Lo slancio e il tono della sua predicazione apparvero chiari fin dall'inizio, come viene largamente documentato nei processi che riportano un episodio dove c'è tutto il carattere e la personalità di padre Giuseppe. Imperversava il banditismo nelle zone appenniniche del centro Italia. Una cinquantina di questi banditi desolavano il paese di Arquata del Tronto e nessuno riusciva a domarli, neanche la forza pubblica. Giunto in quel luogo per motivi di questua, padre Giuseppe fu pregato di porvi rimedio. Egli andò a cercarli nei loro nascondigli tra i monti e riuscì a radunarli in una chiesetta. Poi impugnando il suo Crocifisso li convinse a mutare vita. Essi divennero docili e compunti e furono tra i più assidui ascoltatori delle sue prediche, quando il santo venne a predicarvi la quaresima. Il segreto di questo successo, se si ricollega al carattere indomito del personaggio, è da attribuirsi però soprattutto alla sua intima unione con Dio, coltivata nello spirito con una preghiera incessante. Questo è stato benissimo avvertito nei processi, dove leggiamo: "Con facilità grande raccoglieva le potenze dell'anima dentro di sé per goder con maggior gusto il suo Dio, e non solo nel tempo dell'orazione, ma in tutti i tempi. Mentre andava per viaggio, abbracciava il suo crocifisso e se ne internava in maniera tale in quelle piaghe che, secondo li misteri che contemplava, la sua faccia cambiava colore, ora macilenta e incenerita, ora così rubiconda e rossa che pareva tutta fuoco e la testa fumante, come avesse internamente una fornace grandissima di fuoco; il che gli avveniva anche nei vari discorsi che faceva".
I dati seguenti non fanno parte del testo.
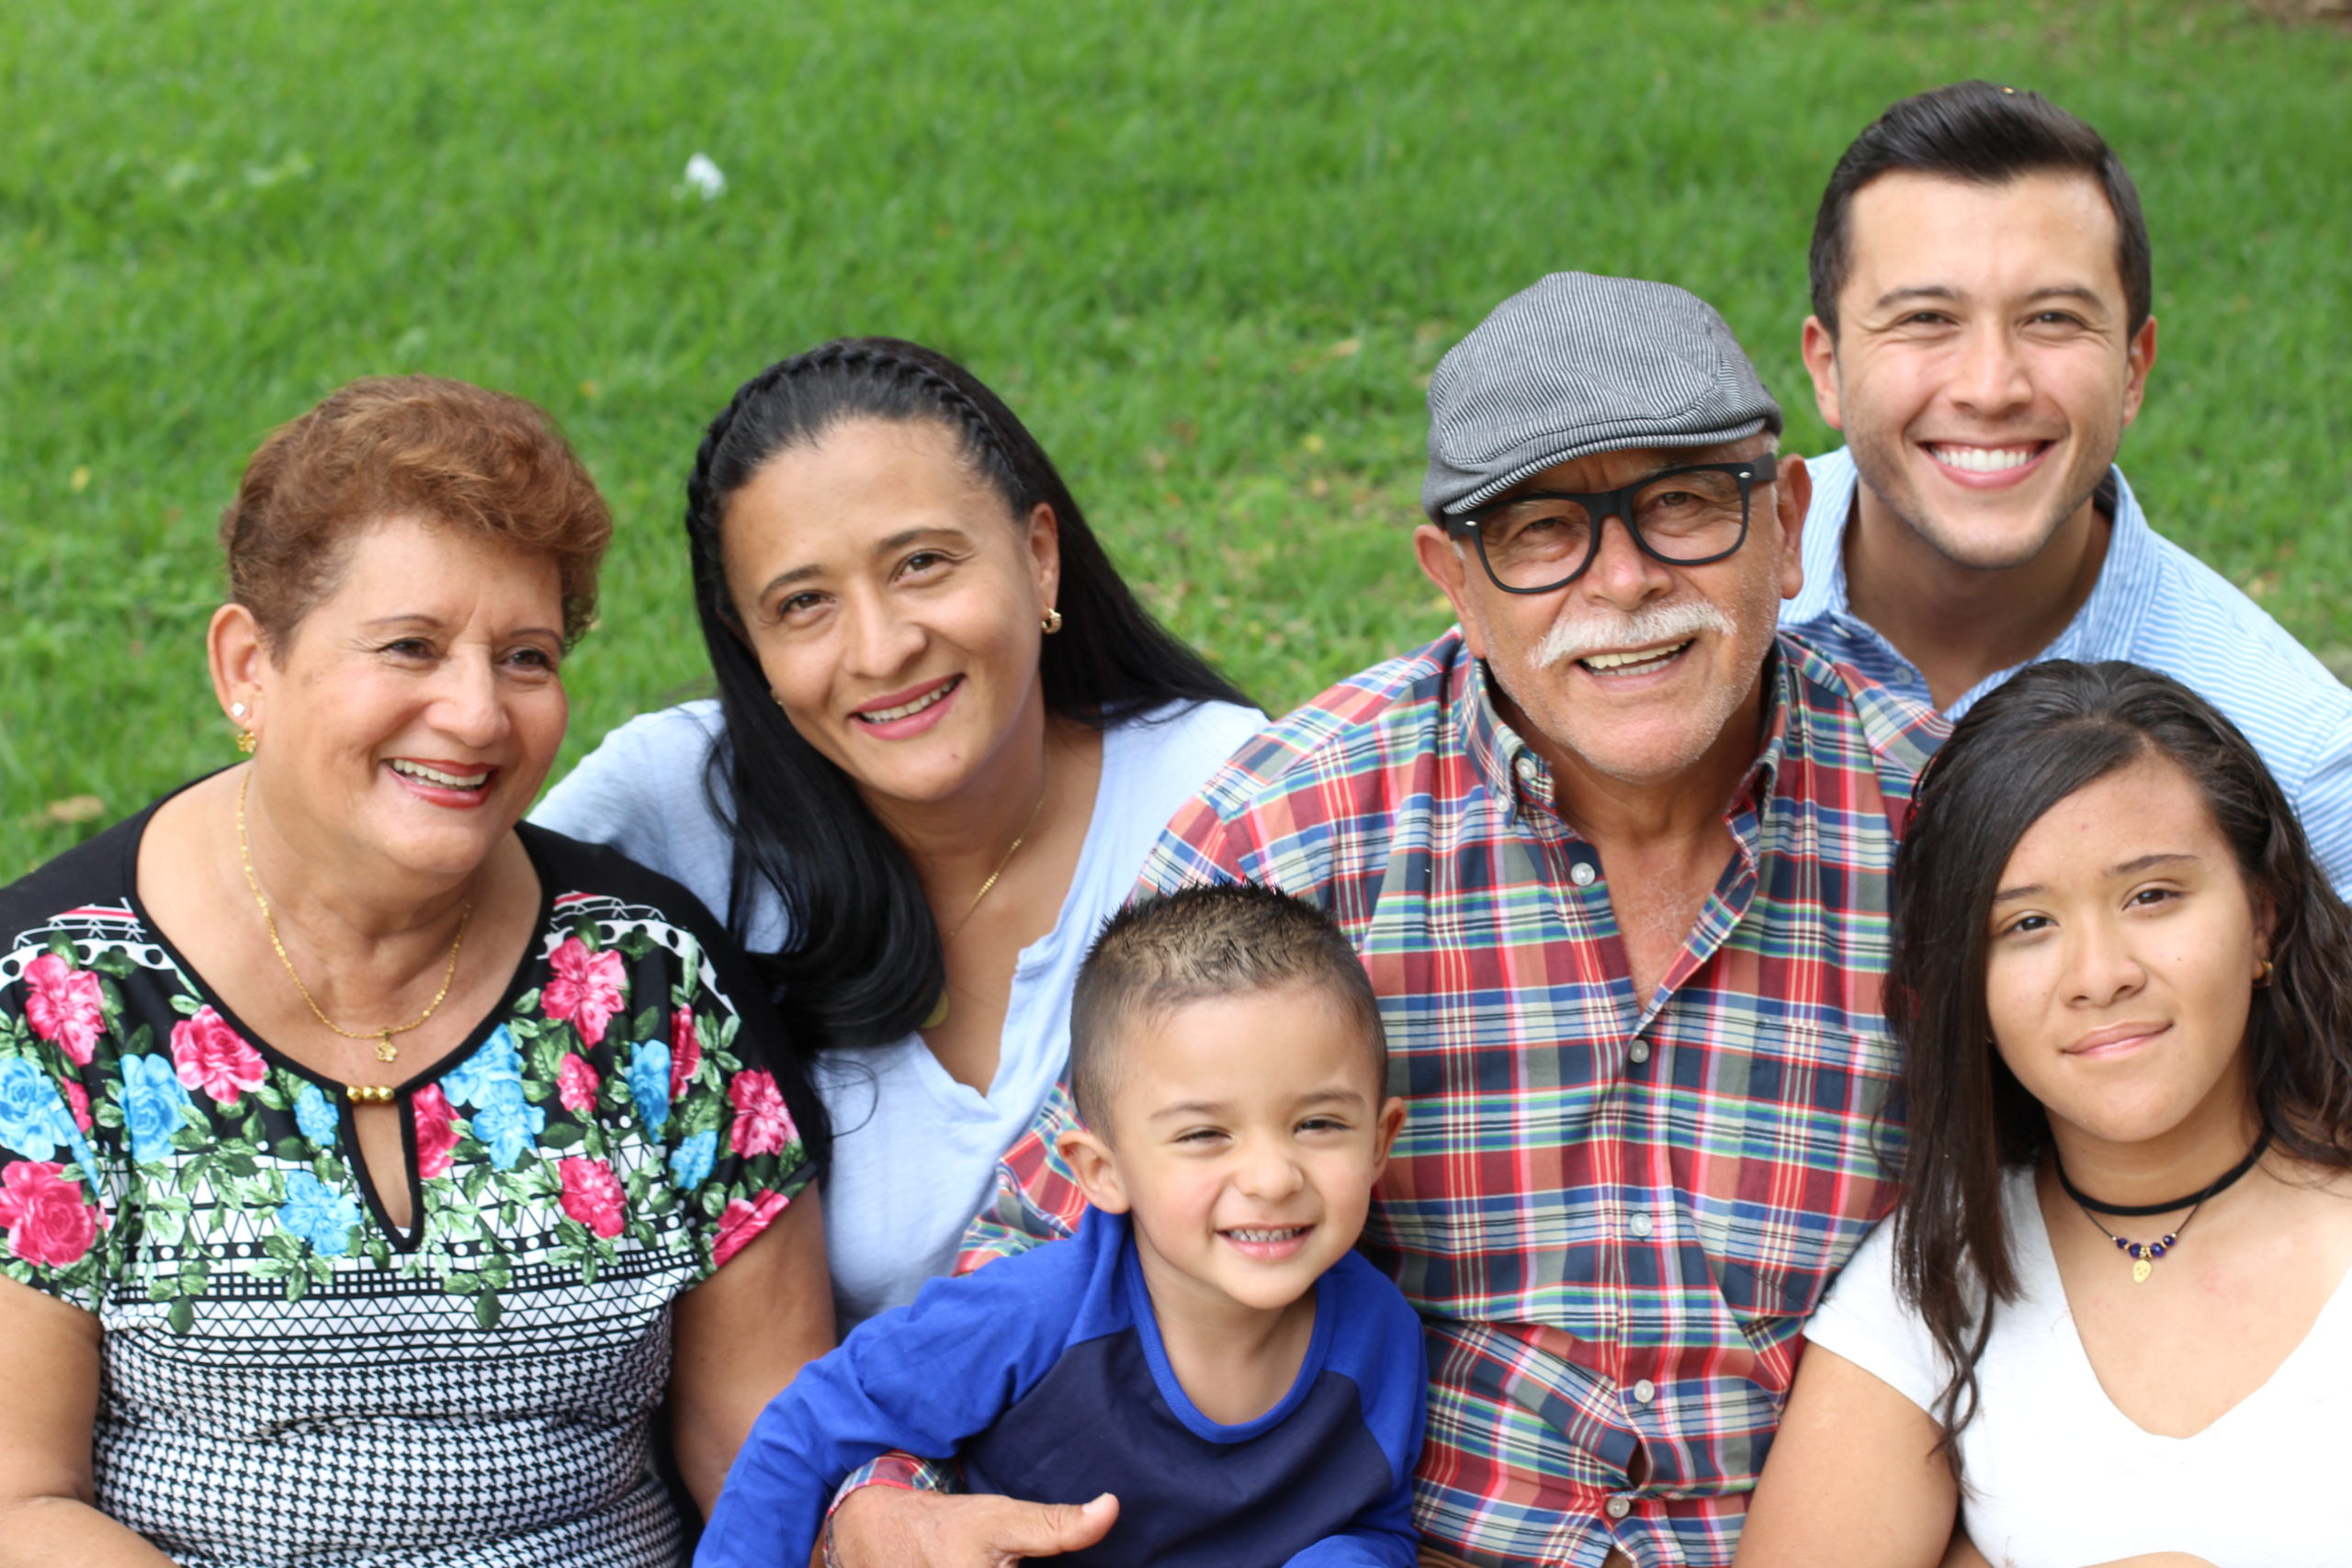 Hispanic family with good values

Nel 1587 venne inviato missionario a Costantinopoli e assistette gli schiavi cristiani e gli appestati. Il suo zelo riuscì a convertire anche un vescovo greco, e lo spinse ad affrontare lo stesso sultano Murad III per intercedere a favore dei suoi assistiti; ma qui, in odio alla fede, venne catturato e condannato al tormento del gancio, appeso ad una trave con un uncino ai tendini della mano destra e un altro al piede destro. Doveva così attendere, fra dolori atroci, la morte in una lenta agonia. Salvato miracolosamente dopo tre giorni (da un angelo o per intervento umano), e prontamente ristabilito, ritornò, nella pienezza dei suoi 33 anni, nel 1589, in Italia dove riprese la sua prediletta predicazione itinerante, attraverso l'Abruzzo e l'Umbria, per monti e valli, in quei luoghi aspri e vili "dove non volevano andare gli altri". I compagni che lo seguivano erano messi a dura prova e difficilmente resistevano a quelle continue marce forzate, anche nelle più avverse condizioni climatiche e con assoluta insufficienza di cibo. Egli predicava più volte al giorno e in diversi villaggi, insegnava catechismo ai poveri contadini e ai bambini.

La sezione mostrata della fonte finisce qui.